INSTRUCTIONS FOR THE TASK: When you write out the listing, keep every word as it stands and drop the pictures.

RECORDED INFORMATION:

_ _ _

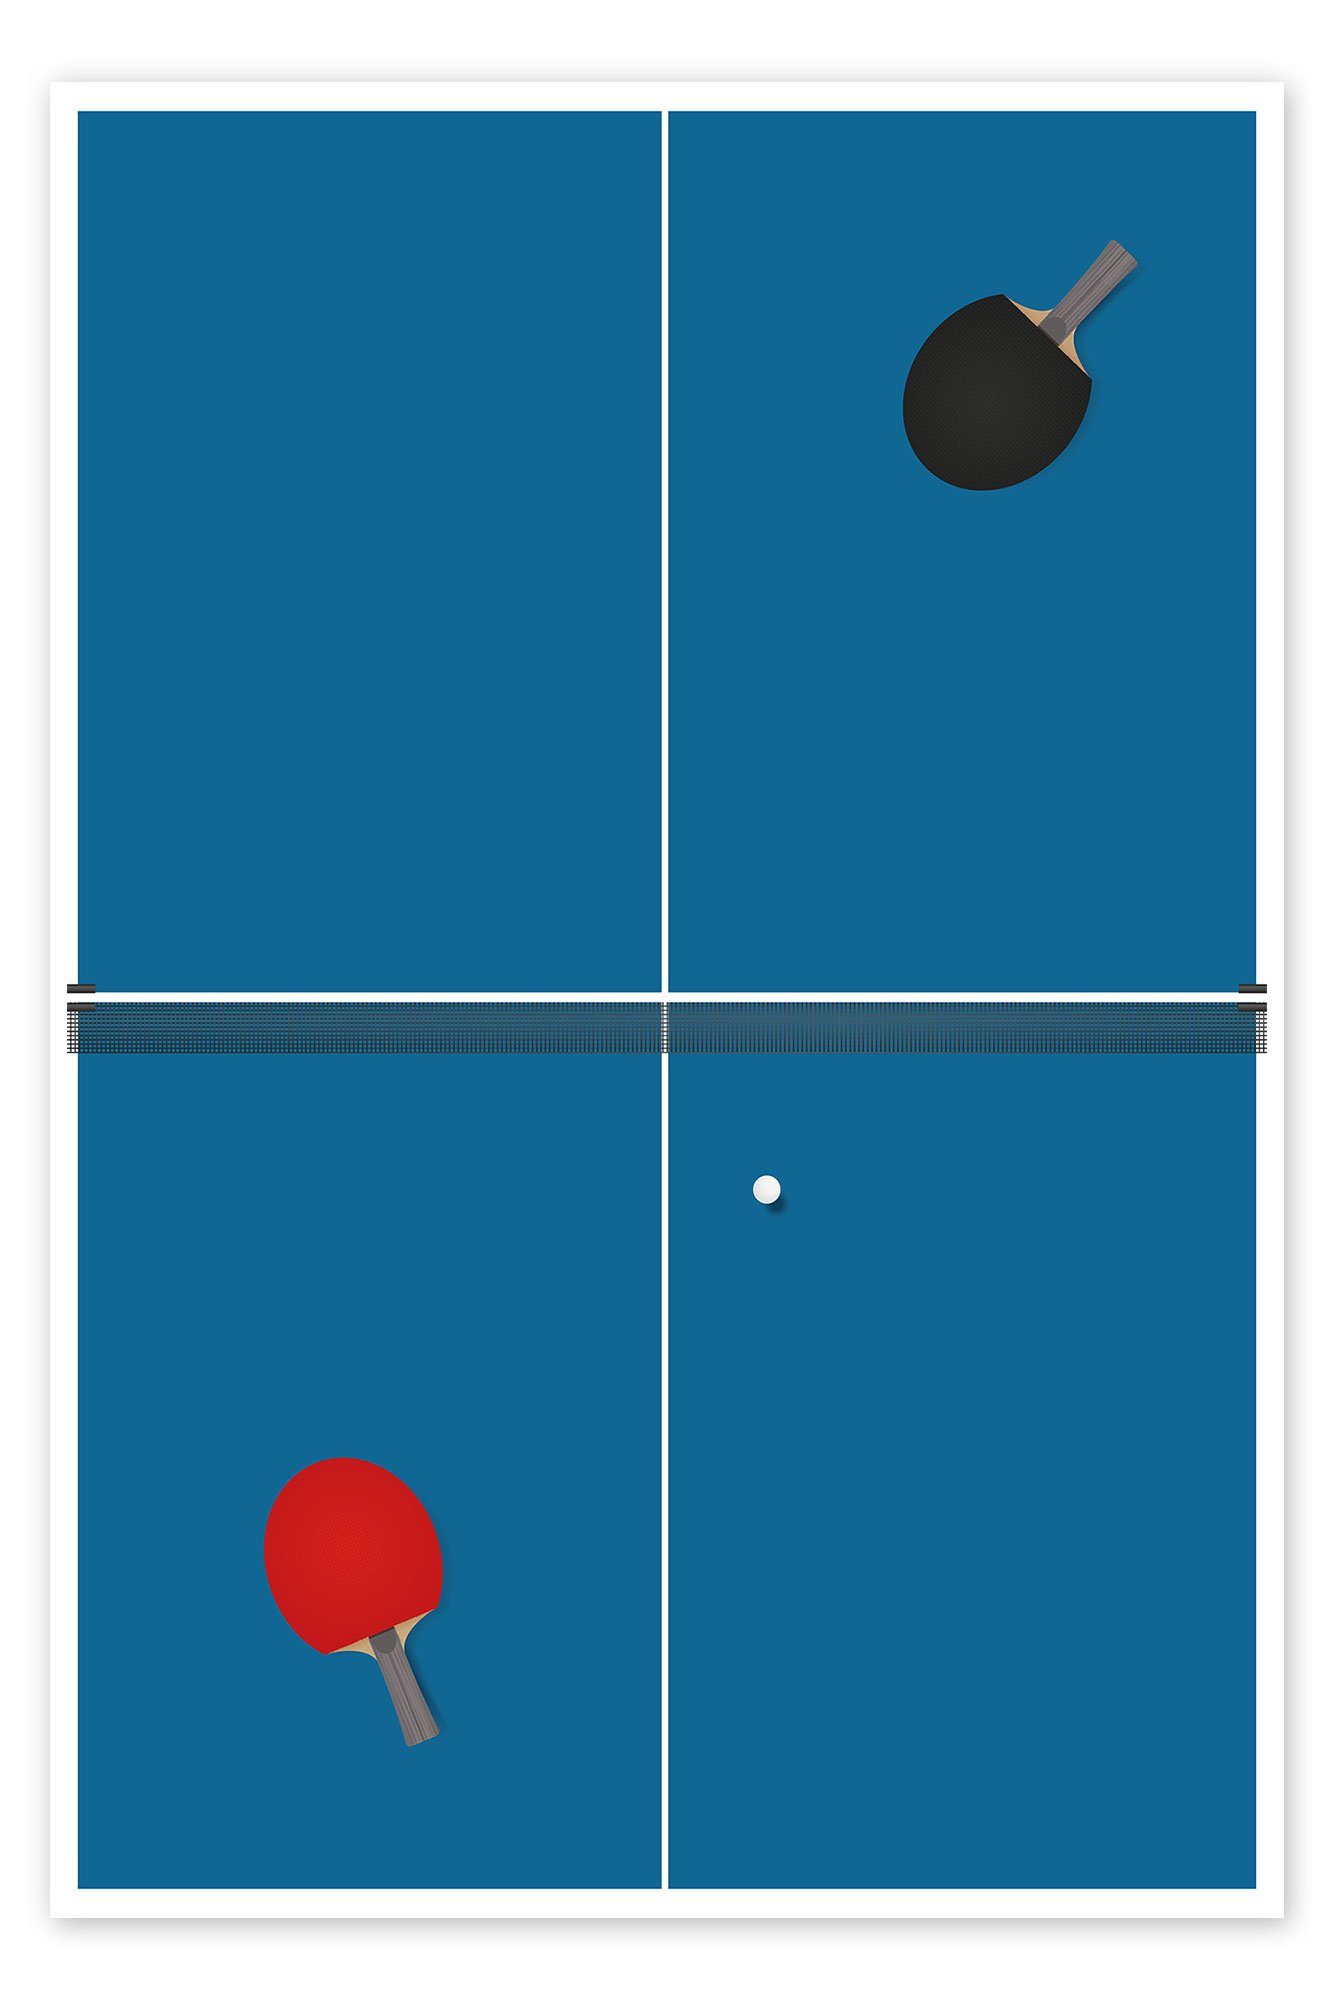 Posterlounge Poster Editors Choice, Tischtennis Match, Jungenzimmer Illustration
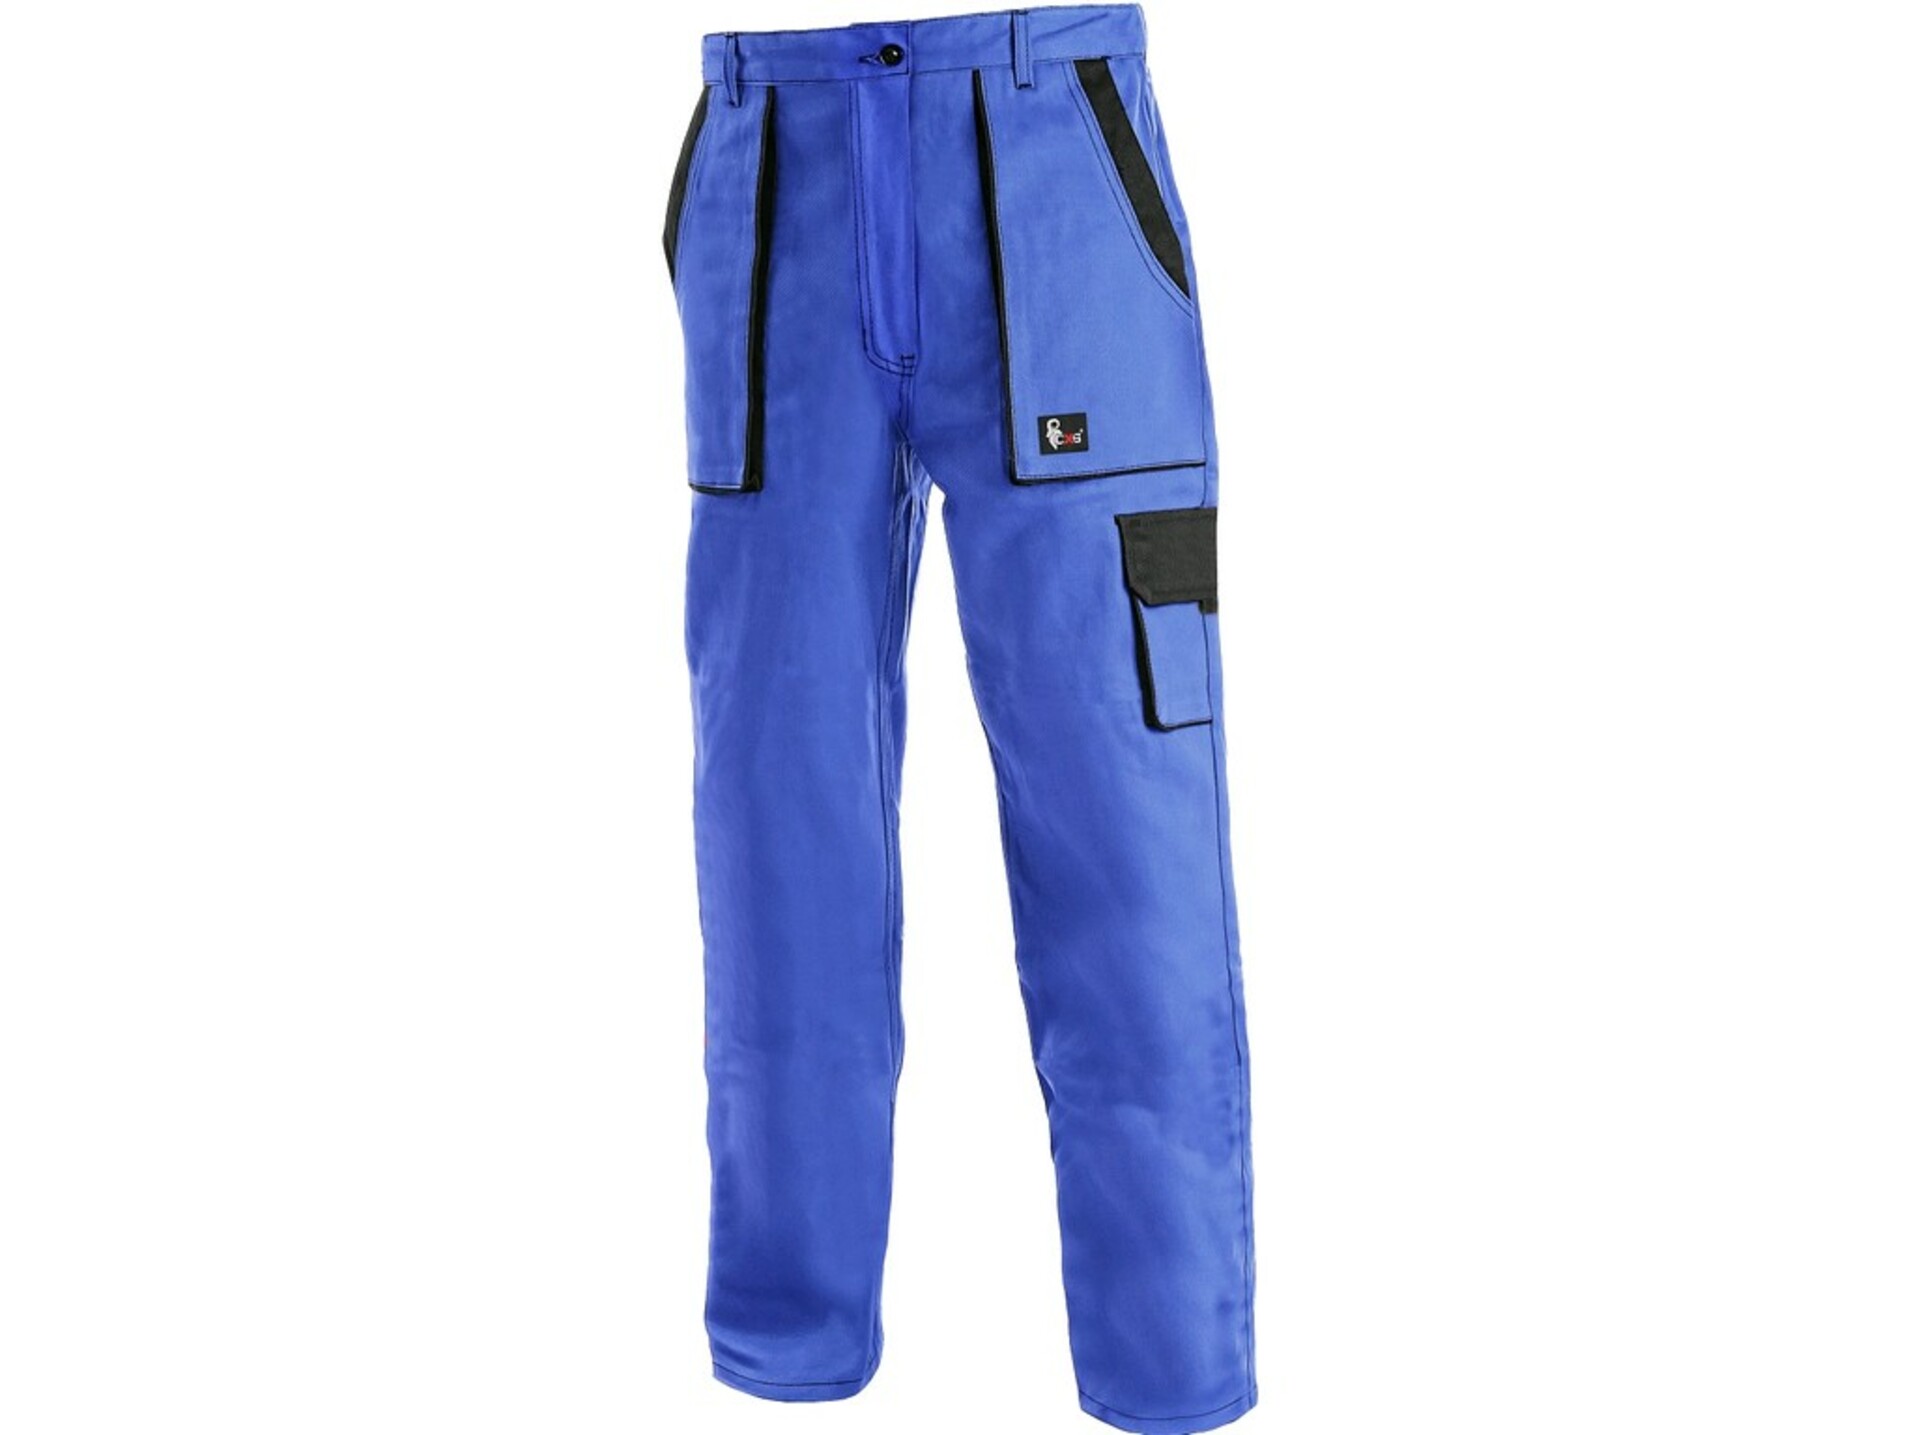 CXS LUX ELENA dámské Kalhoty pracovní do pasu modré 42
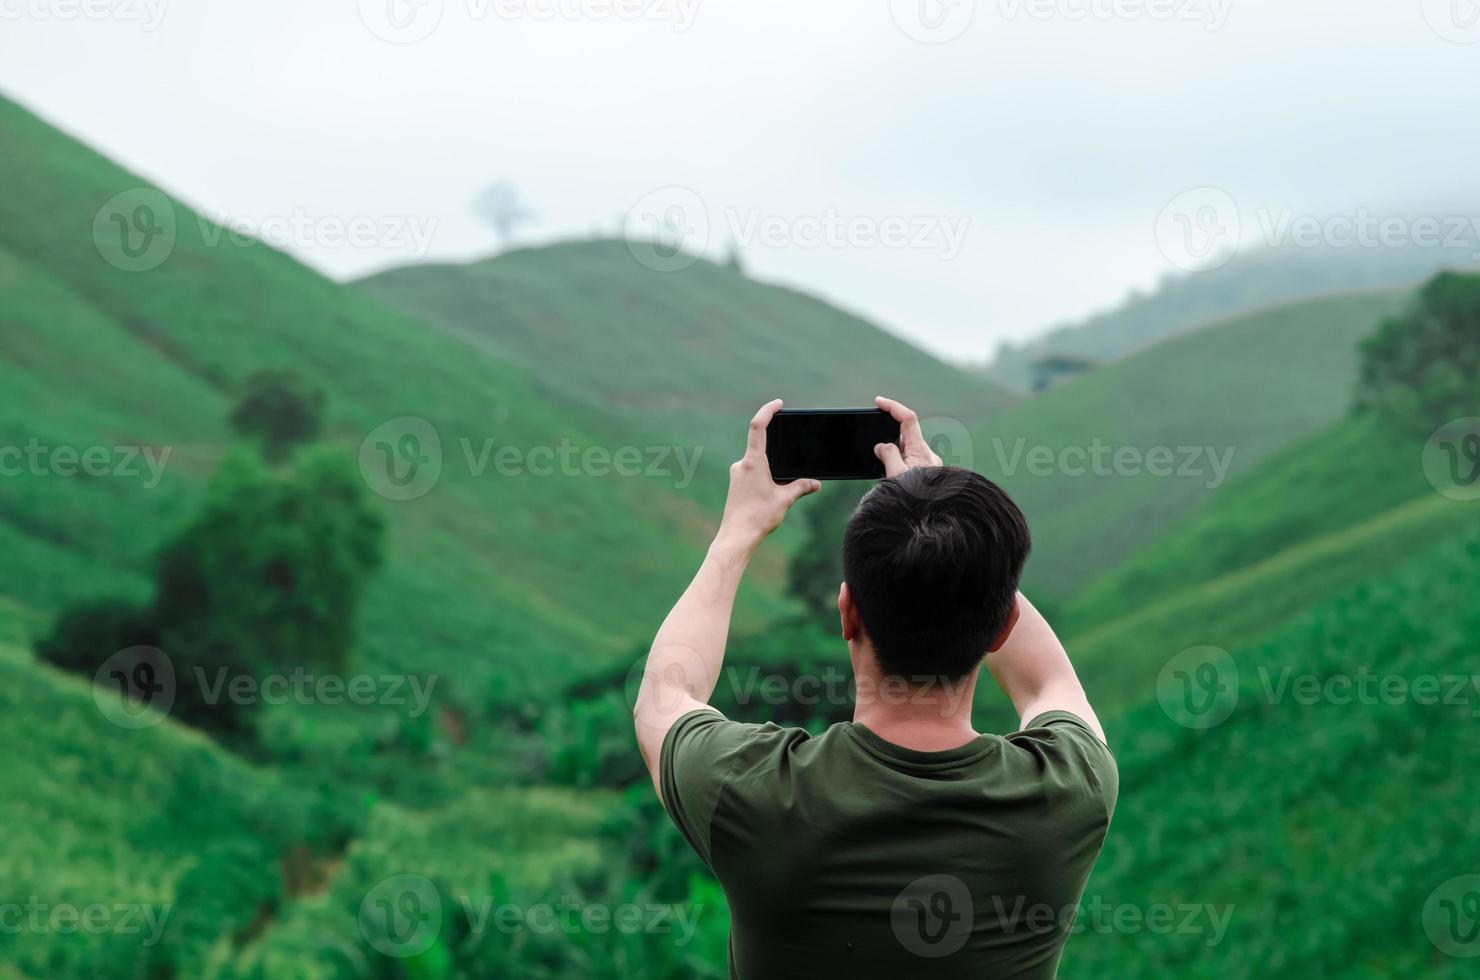 una persona di sesso maschile che usa il telefono cellulare per scattare una foto della montagna verde con nebbia al mattino.

_ _ _

REPLY:
 Posterlounge Poster Editors Choice, Tischtennis Match, Jungenzimmer Illustration
 CXS LUX ELENA dámské Kalhoty pracovní do pasu modré 42
 una persona di sesso maschile che usa il telefono cellulare per scattare una foto della montagna verde con nebbia al mattino.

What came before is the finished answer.